Hughes movingly conveys Wiletta’s frustrations as a gifted actor thrilled by her first Broadway break, but fed up with the insulting roles she’s confined to. You root for her as she works up the nerve to speak out. The cost is clear — and so is the courage.

G. Valmont Thomas is superb as Sheldon, an older player whose survival tools are avuncular humor and deference to white authority. Though he often provides comic relief, Sheldon’s harrowing memory of an actual lynching is a shiver-inducing dose of historical reality.

In rather stock (but not stale) parts, Shontina Vernon is the wily wisecracker (her riff on the floral names chosen for black film characters is hilarious), and Burton Curtis embraces the cliché of a kindly old Irish doorman.

Gouran wrestles with, and at times rushes through, the tough role of Al.

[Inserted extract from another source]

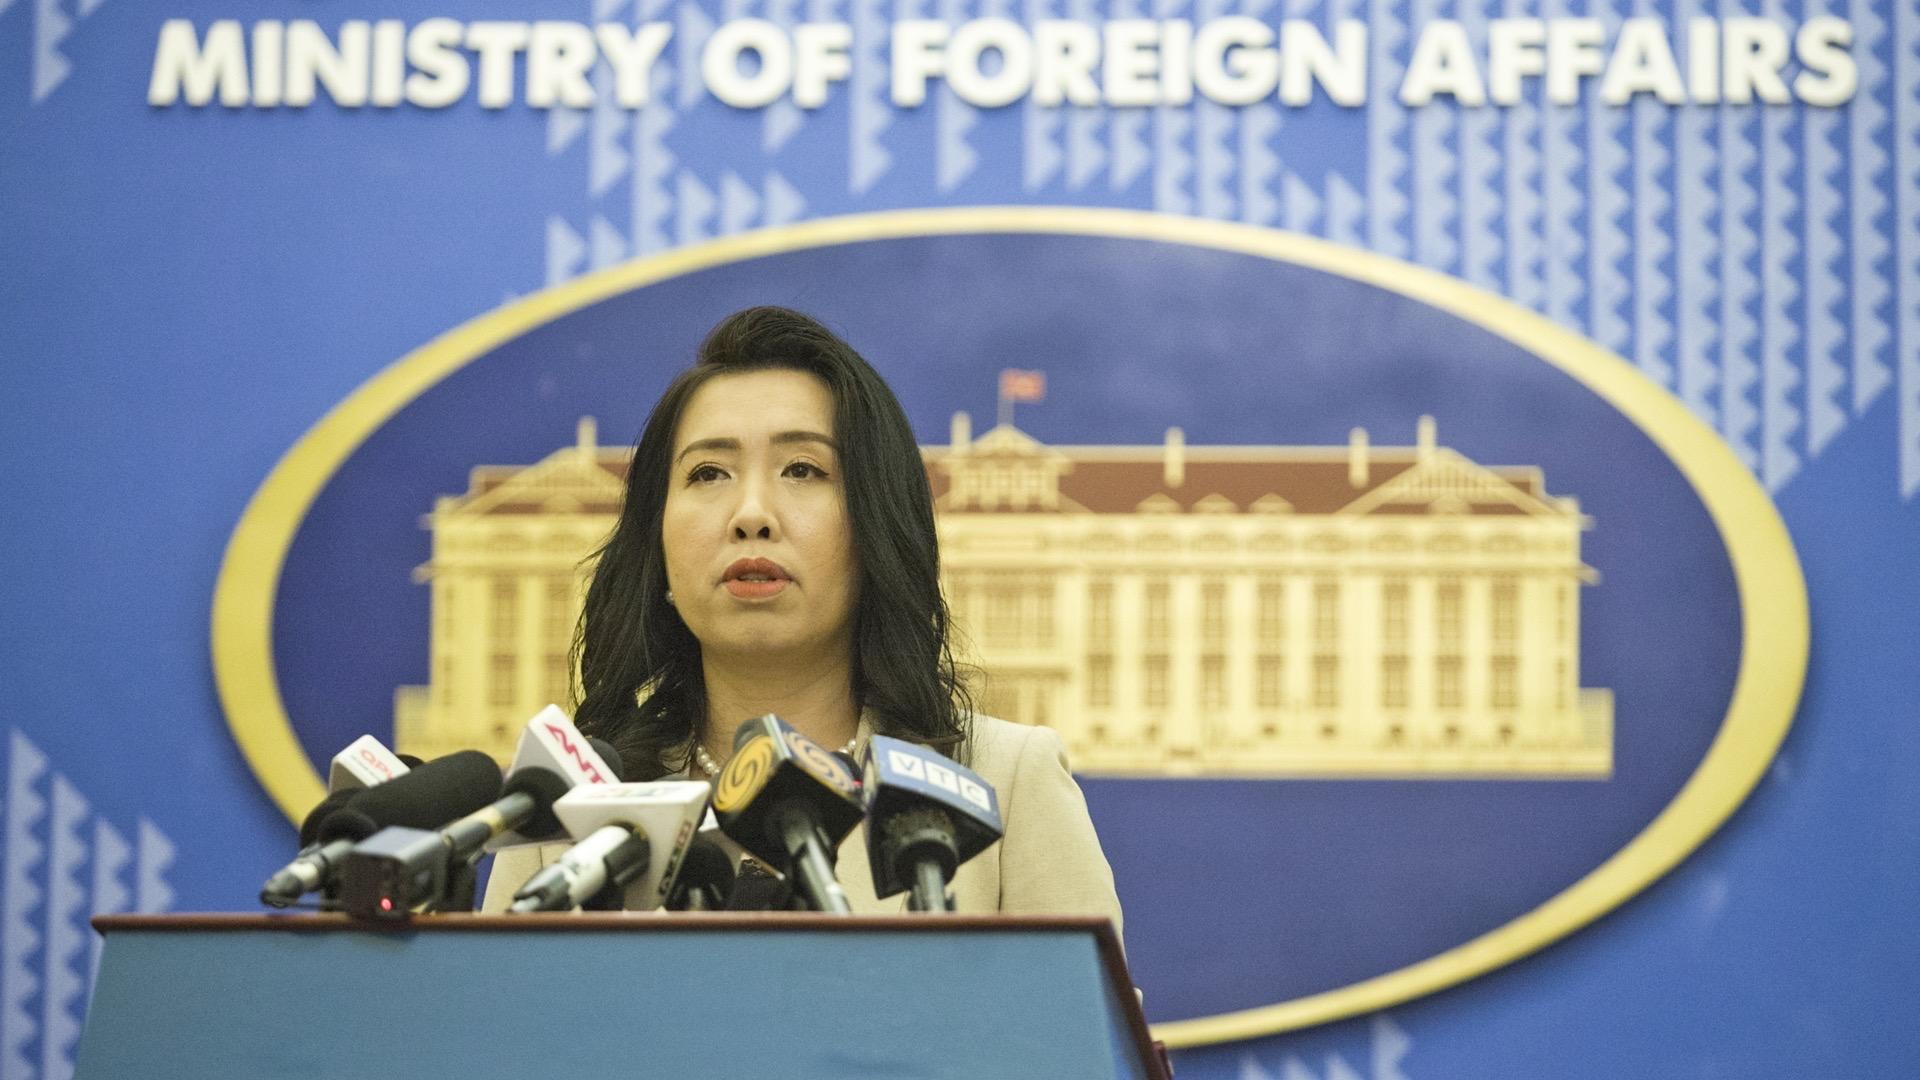 Thông tin về Việt Nam do Tổ chức Liêm chính Tài chính toàn cầu đưa ra là không chính xác

He’s a Hollywood heavy distracted by personal problems, slavishly devoted to Method acting, and cringingly patronizing to black actors. But you need to feel his humanity too — even if t’s not always evident in Childress’ script.

More evident is her hope that two young white characters (played by Skylar Tatro and Adam Standley) are more receptive to Wiletta’s concerns — and to the incipient civil-rights movement.

Since 1955, many showbiz doors have opened to black performers that are shut tight for Wiletta. But if one feels pangs of recognition watching “Trouble in Mind,” it’s likely because there’s still much unfinished business and mutual misunderstanding to thrash out together — even if we do it reluctantly, painfully, awkwardly, in the theater and the wider world.